## Given data:
((

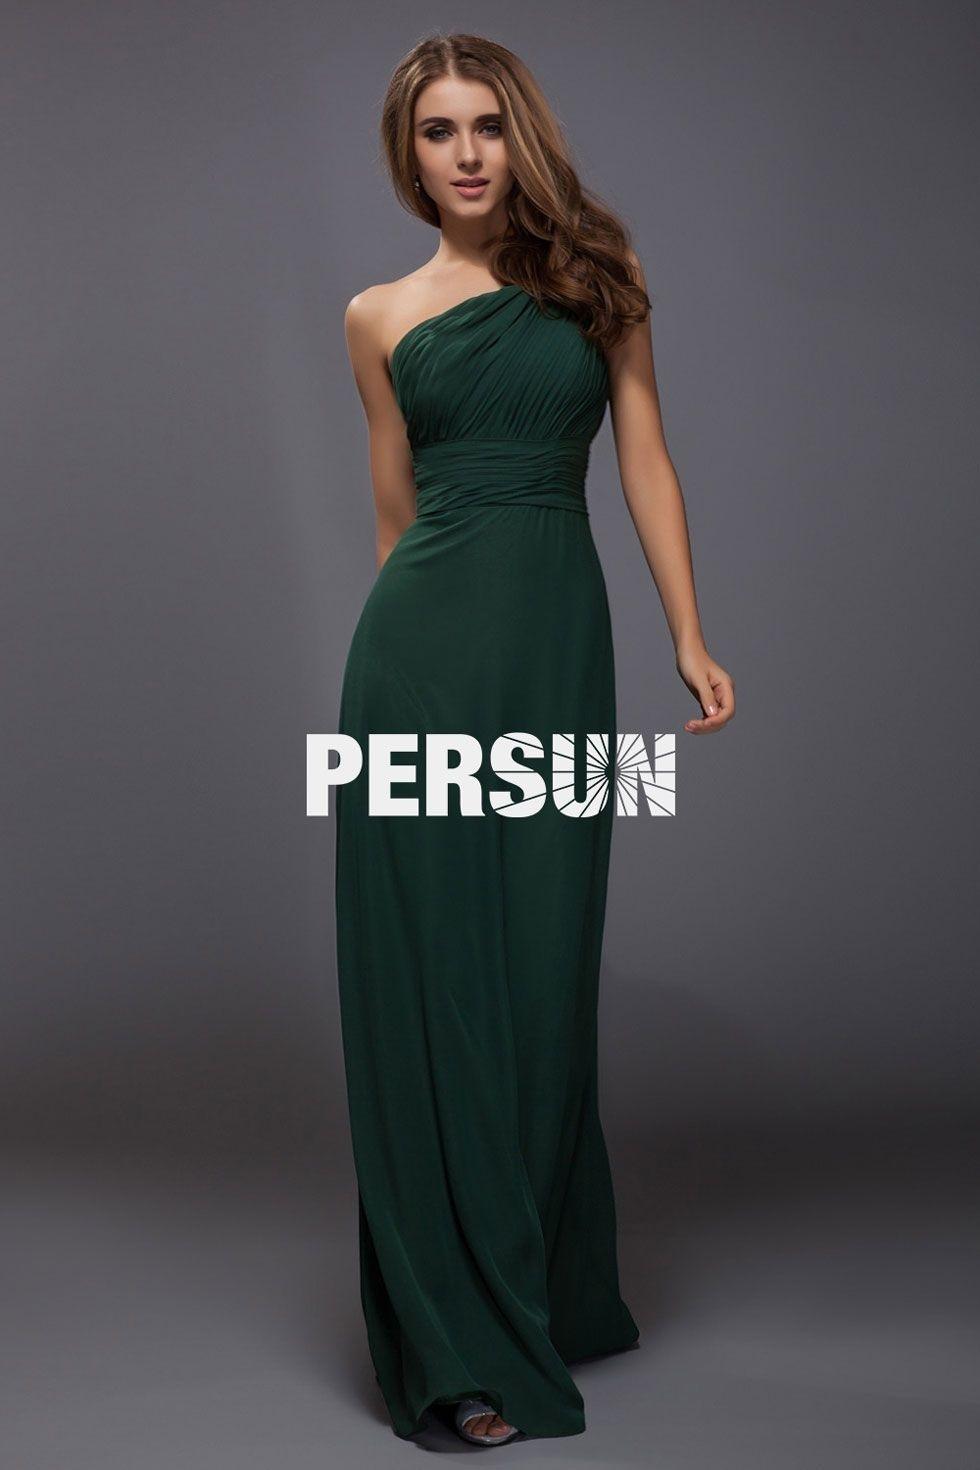 20 Luxus Festliches Kleid Grün Vertrieb15 Erstaunlich Festliches Kleid Grün Galerie
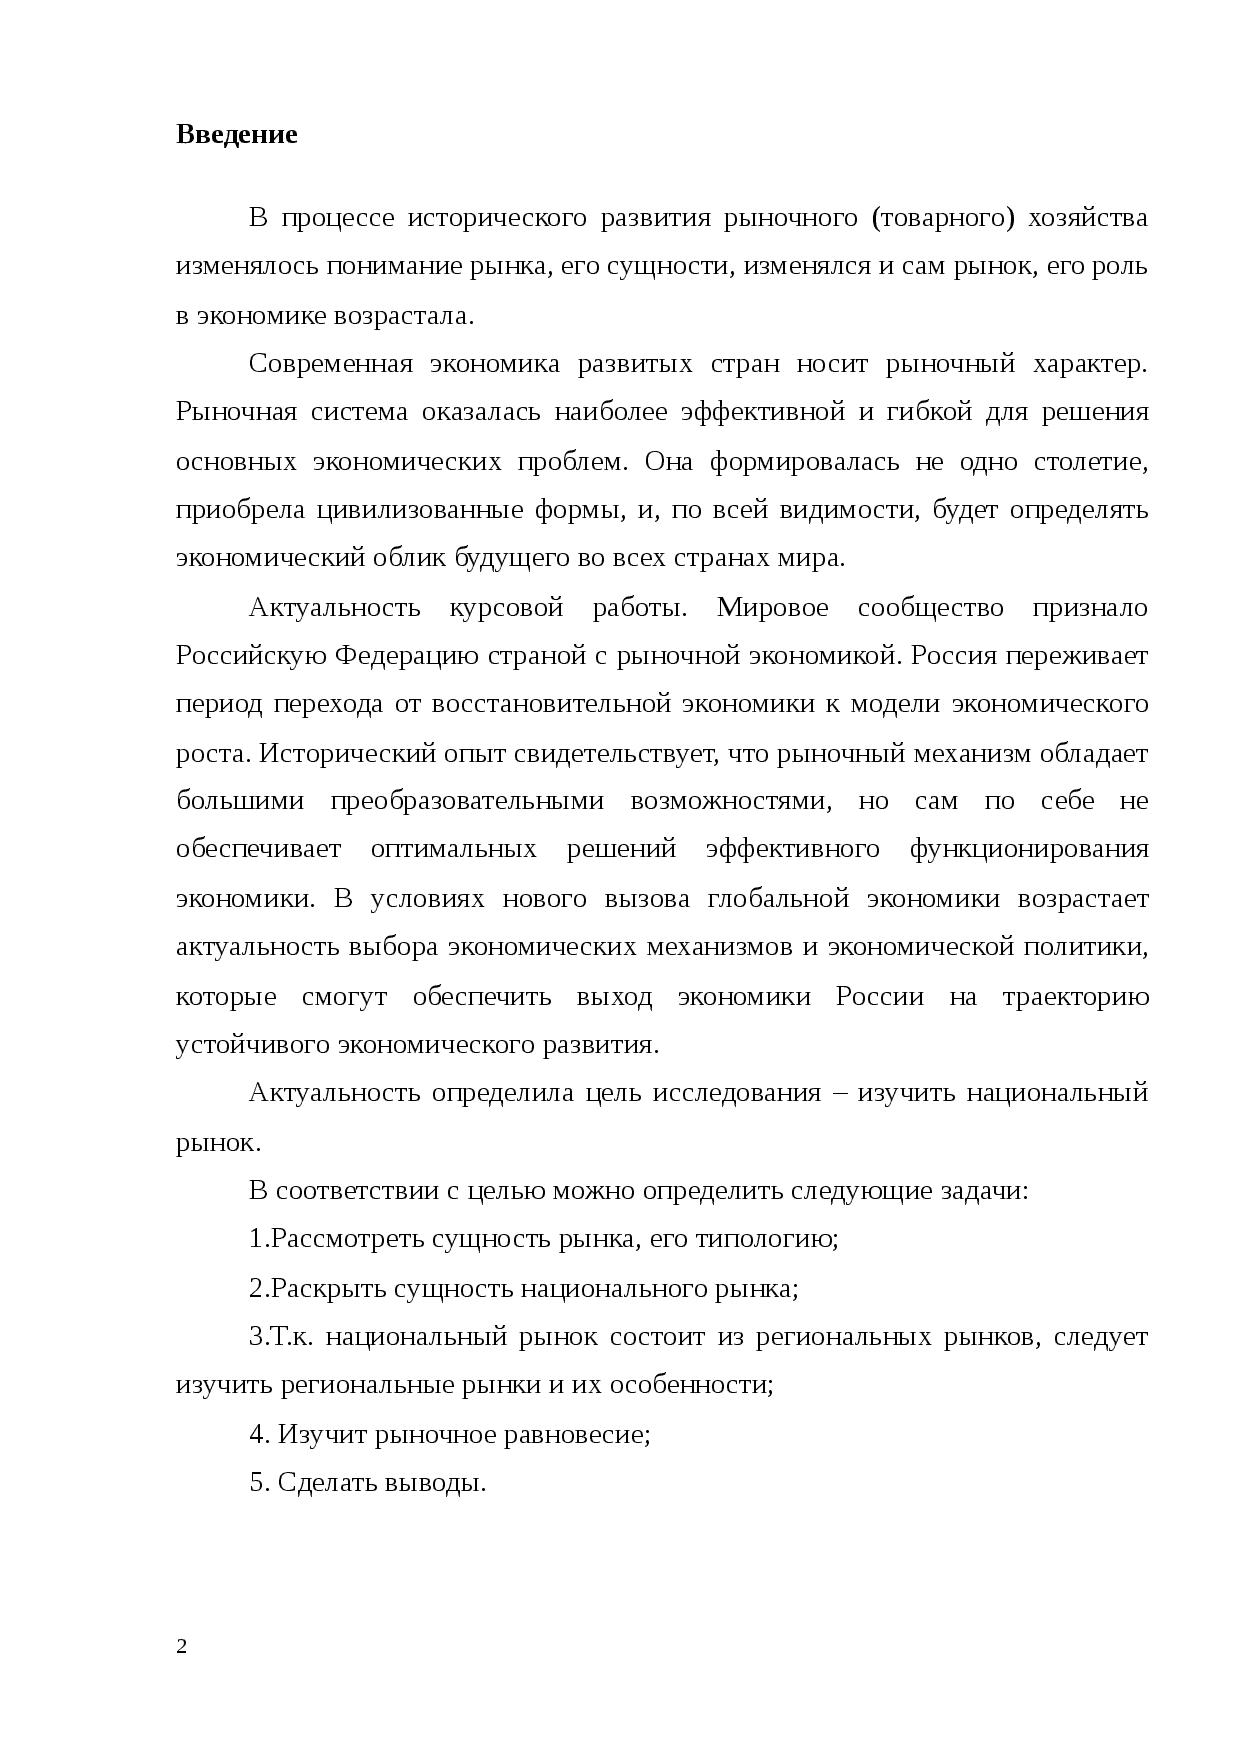 Изменение рыночного равновесия: примеры, графики, уравнения – sprintinvest.ru
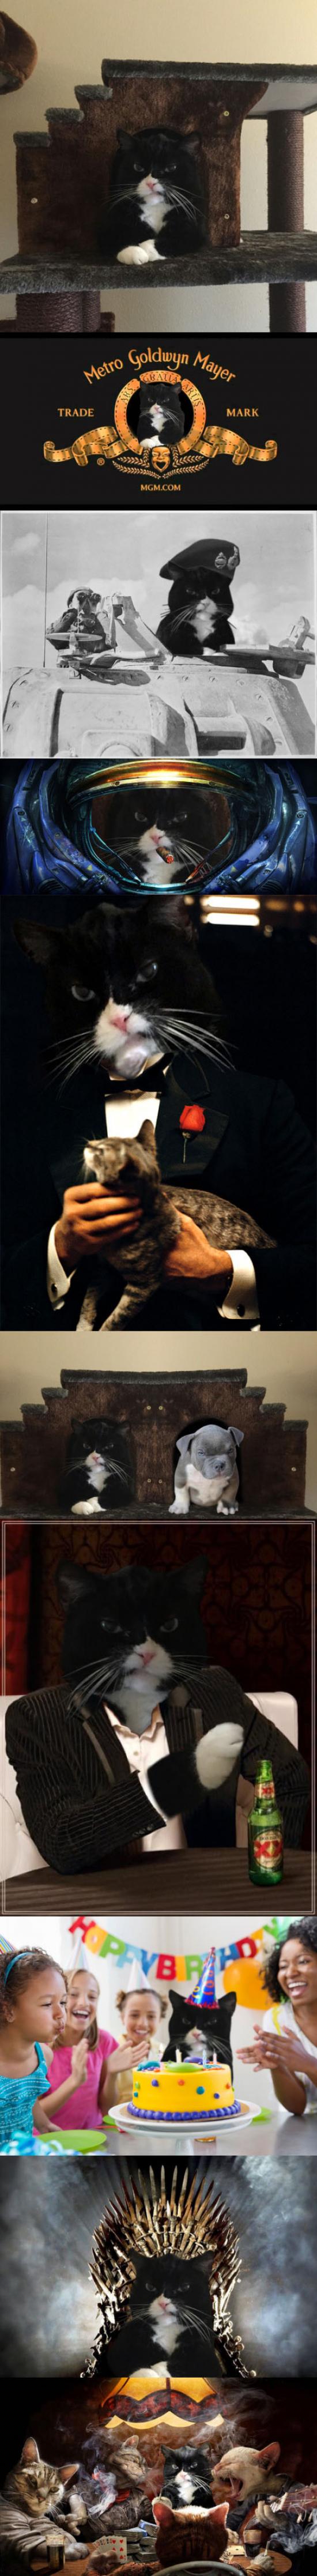 Meme_otros - Este gato llena internet de montajes después de ser pillado enfadado
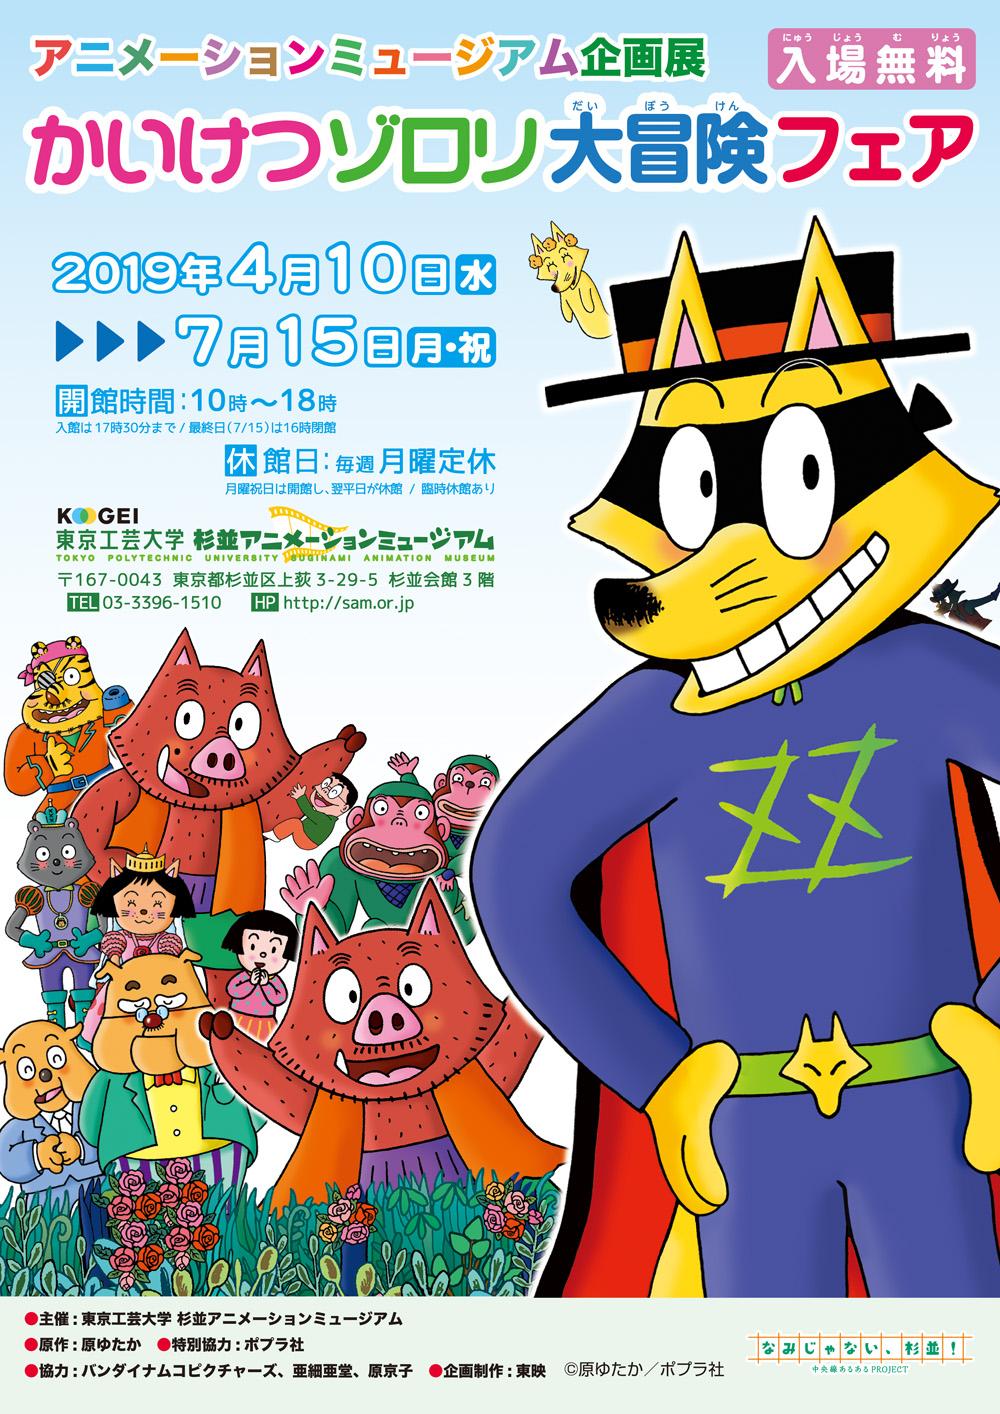 東京工芸大学 杉並アニメーションミュージアムにてイベント開催!

))

Pictures aside, reproduce all of the material above without alteration.

## Result of the task:
 20 Luxus Festliches Kleid Grün Vertrieb15 Erstaunlich Festliches Kleid Grün Galerie
 Изменение рыночного равновесия: примеры, графики, уравнения – sprintinvest.ru
 Meme_otros - Este gato llena internet de montajes después de ser pillado enfadado
 東京工芸大学 杉並アニメーションミュージアムにてイベント開催!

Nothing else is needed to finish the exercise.